Extrapolating that first-quarter data over 12 months would show that more than 1 million twenty-foot equivalent units (TEU) moved away from the West Coast ports annually, starting in 2021, said Chris Jones, an executive vice president at Descartes Systems Group.
Colgate-Palmolive routed 25% of containers away from West Coast ports and has already begun reversing some of that, said Francisco Rodriguez, Colgate toothpaste maker's director of global logistics.
The labor negotiation process, while lengthy, "is working like it is supposed to," said Rodriguez, who added that his team monitors port activity daily and makes decisions based on that - rather than headlines about union negotiation-related conflict.
Kevin Austin, group vice president of demand and supply management at Toyota Motor North America, declined to comment on the automaker's cargo volume trends at Los Angeles' port complex, but said the facility remains "critical" to the business.

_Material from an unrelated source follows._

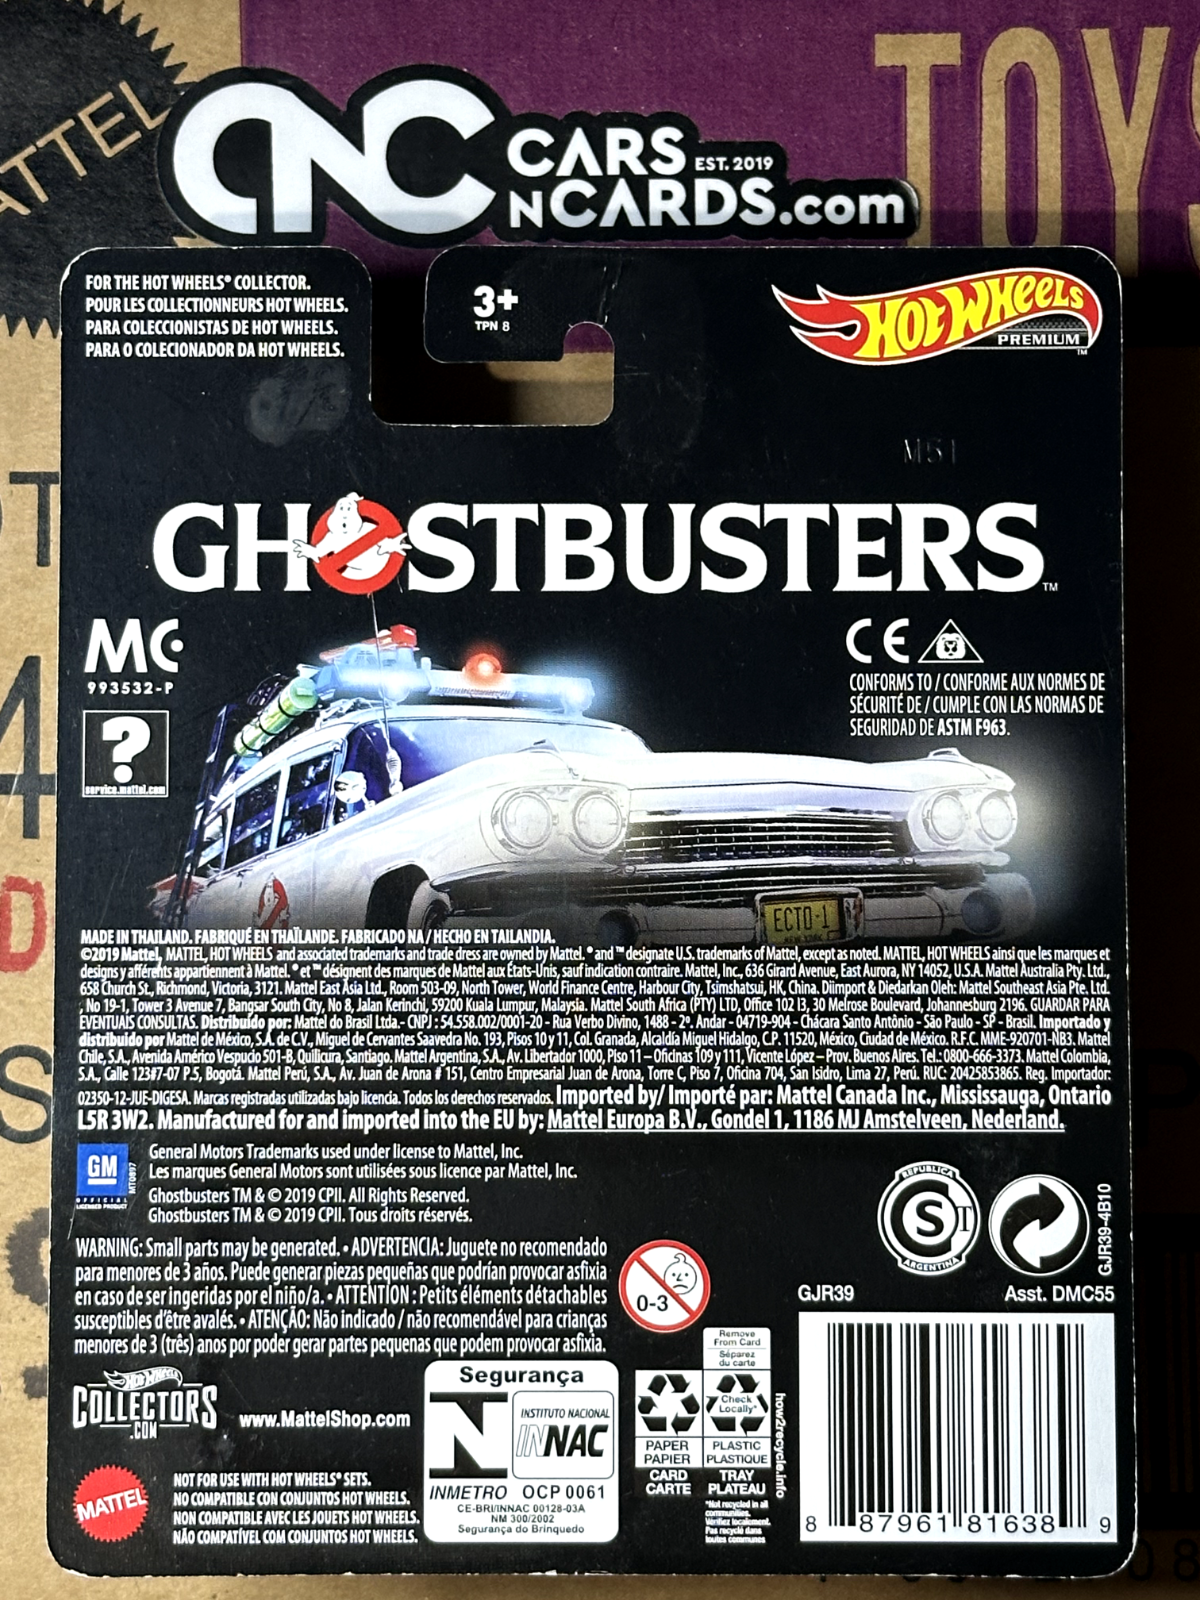 2019 Hot Wheels Premium Real Riders Pop Culture Ghostbusters ECTO-1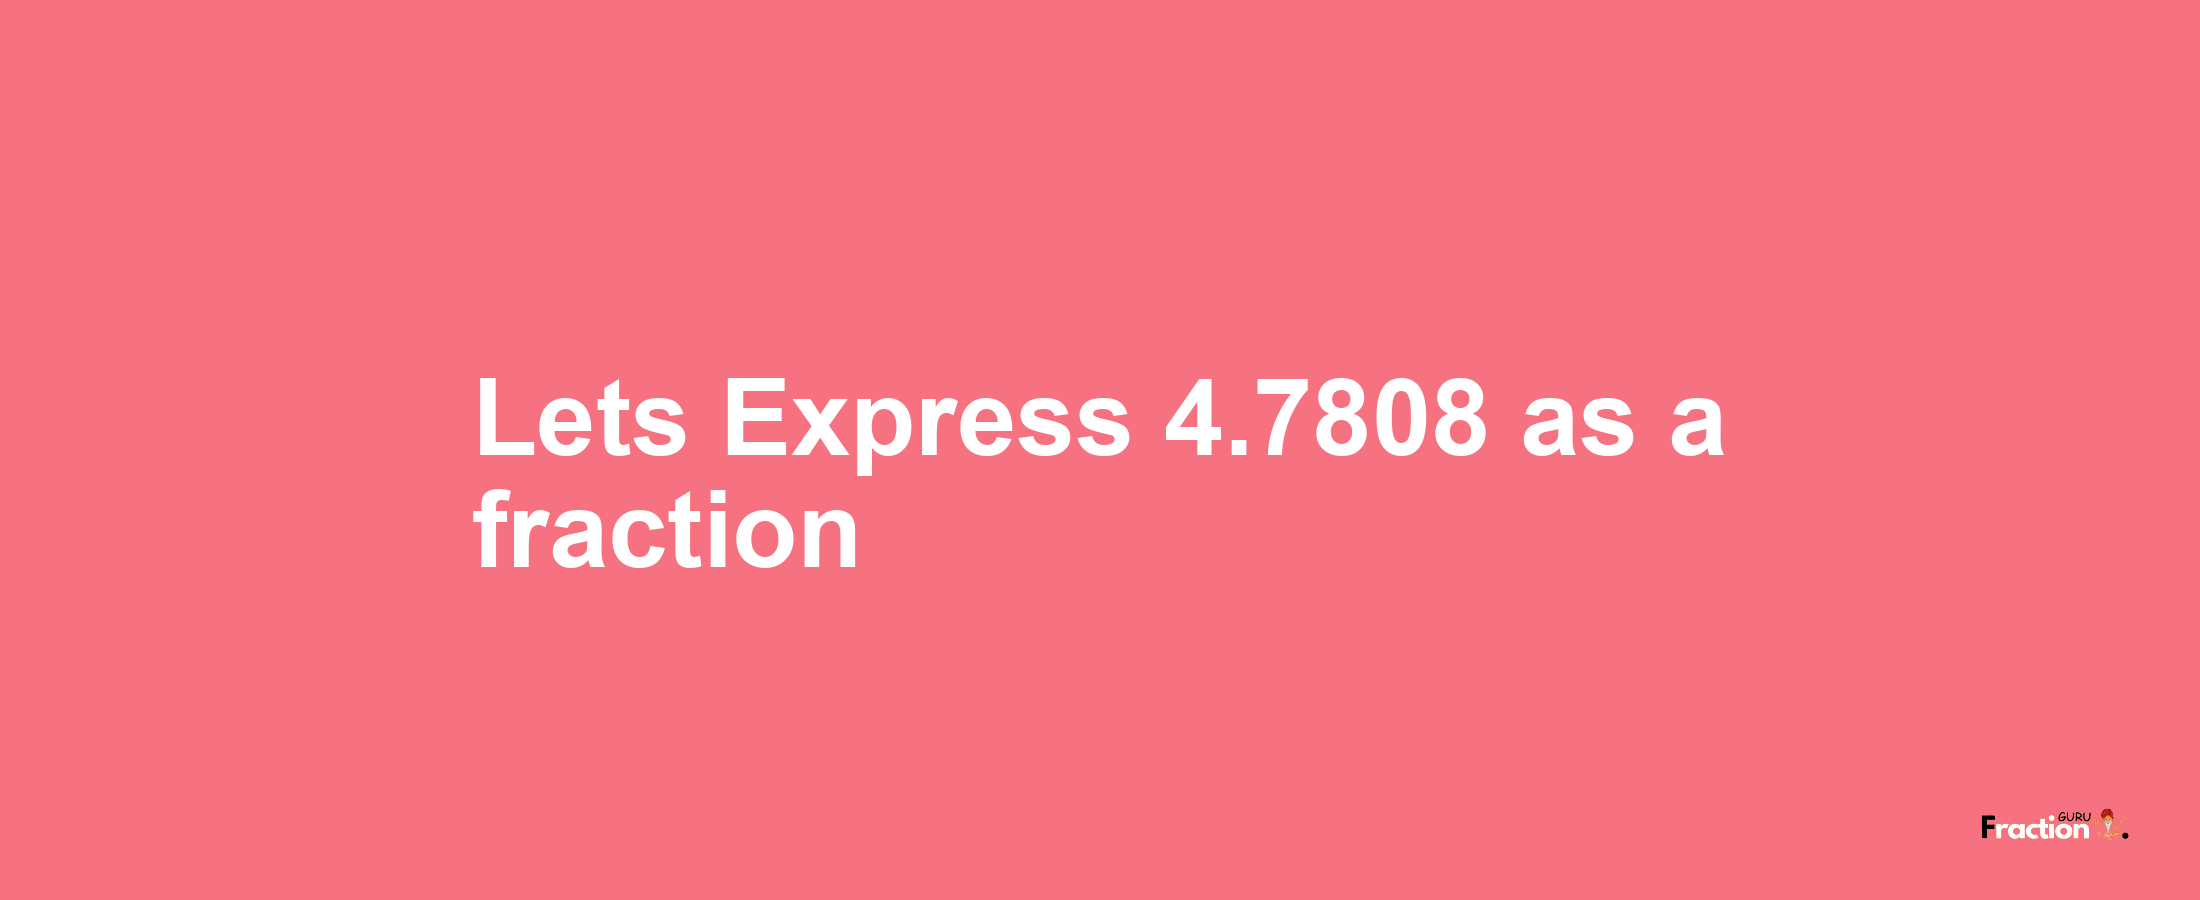 Lets Express 4.7808 as afraction

The port also faces new pressure from outside the United States, importers said.
About six months ago, Million Dollar Baby started sending some upholstered furniture with price tags of under $800 per piece from China into the port at Ensenada, Mexico.
Importing to Mexico opens a legal loophole that enables Million Dollar Baby to sell those products to U.S. customers without a 25% tariff. Warehouse and labor costs are also lower in Mexico than in the United States, adding to savings, Diaz said.